WiSTEM participates in Bay Area Research Exposition (BARE)

May 3, 2017 — by Sherrie Shen

Amidst the tall glass buildings of Google Headquarters in Mountain View, approximately 40 girls from Lynbrook, Monta Vista and Saratoga High School attended the Bay Area Research Exposition (BARE) on April 2.

An annual event for the past four years, BARE features a joint high school conference, where STEM professionals are invited to lead workshops, participate in panel discussions and give keynote presentations.

“The purpose of BARE is to be a place where girls who are interested in the STEM network meet others who are similarly interested, learn about possible career paths and even compete by using STEM to solve a real-world problem,” said junior Susan Zhao, one of Lynbrook’s coordinators.

The annual conference started at 9:30 a.m. when participants met for an opening ceremony. Then, two keynote speakers presented on their research, career path and perspectives on their lives as scientists and women in STEM.

In the meantime, contestants set up their project presentations, tri-fold posters addressing a problem in the school environment and proposing a STEM solution to solve for this problem.

Following the setup, non-contestants participated in a gallery walk to take a closer look at the boards and ask the competitors questions.

After breaking for lunch and a panel discussion with several women in the research industry, BARE concluded with an awards ceremony at 1:30 p.m., recognizing certain contestants for their brilliantly executed project proposals and speakers for taking their time to go to BARE.

“From BARE, we hope to show young women the multitude of opportunities available to them in the STEM fields,” said junior Sohini Kar, one of Saratoga’s WiSTEM officers. “Women still make up a startling minority in such fields, and we hope to encourage girls to pursue these fields by showing them and giving them the opportunity to network and speak to female industry professionals.”

Due to a lack of girls from Saratoga signing up, WiSTEM officers had decided to make BARE attendance a mandatory part of next year’s officer application.

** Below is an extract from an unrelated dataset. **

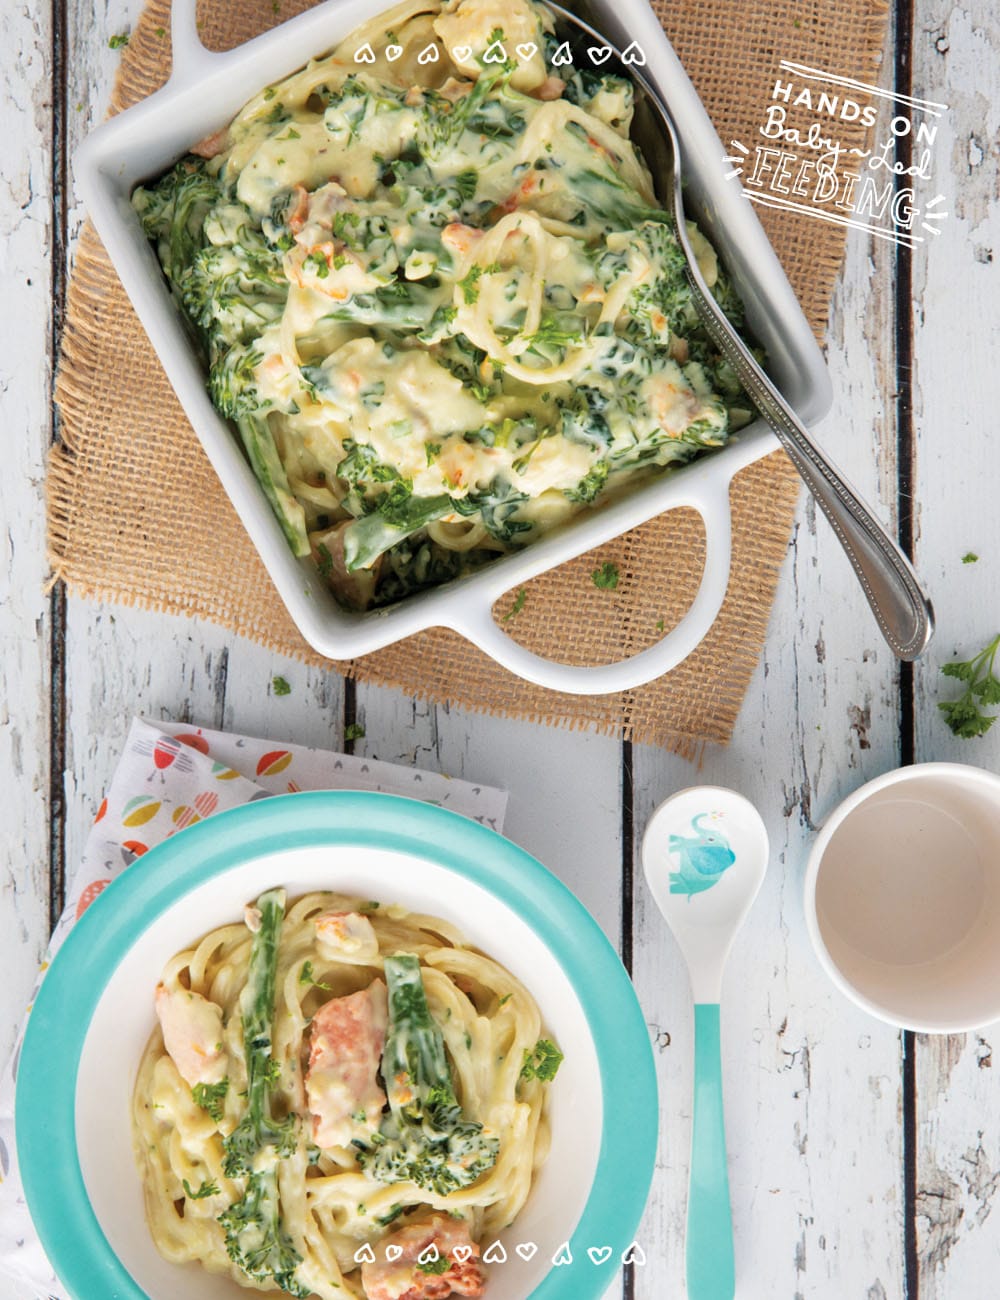 Baby Led Weaning friendly creamy seafood pasta with crushed garlic, Irish cream, tenderstem broccoli, and kale. An easy healthy recipe for the entire family that is loaded with Omega 3s, vitamin C, A, and K! #babyledweaning #babyledfeeding #pasta #seafood #seafoodpasta #familyfood

In the end, 12 girls from Saratoga ended up attending, with freshman Ananya Vadlakonda competing.

Vadlakonda identified a lack of focus in students with ADHD as her prompt, then proposed finding a possible underlying cause for the students being unfocused and a potential treatment. She cited unstable dopamine levels as a potential cause and found that ascorbic acid, also known as Vitamin C, was able to stabilize dopamine levels and would thereby help students focus.

“Presenting at BARE gave me an opportunity to share my research with not only other students, but some very successful female scientists, which was very rewarding,” Vadlakonda said.

She also had the opportunity to listen to several accomplished female scientists and their specific research. For instance, one speaker invented a better version of the technology used in gel electrophoresis, which Vadlakonda found extremely interesting as it was a technique she used in past science projects.

“From chemistry, to science ethics, to cancer research, to working at Apple, BARE demonstrates to participants the range of STEM options they can pursue and succeed in,” Kar said. “From this event, we hope participants are more open to these fields and eager to find more opportunities.”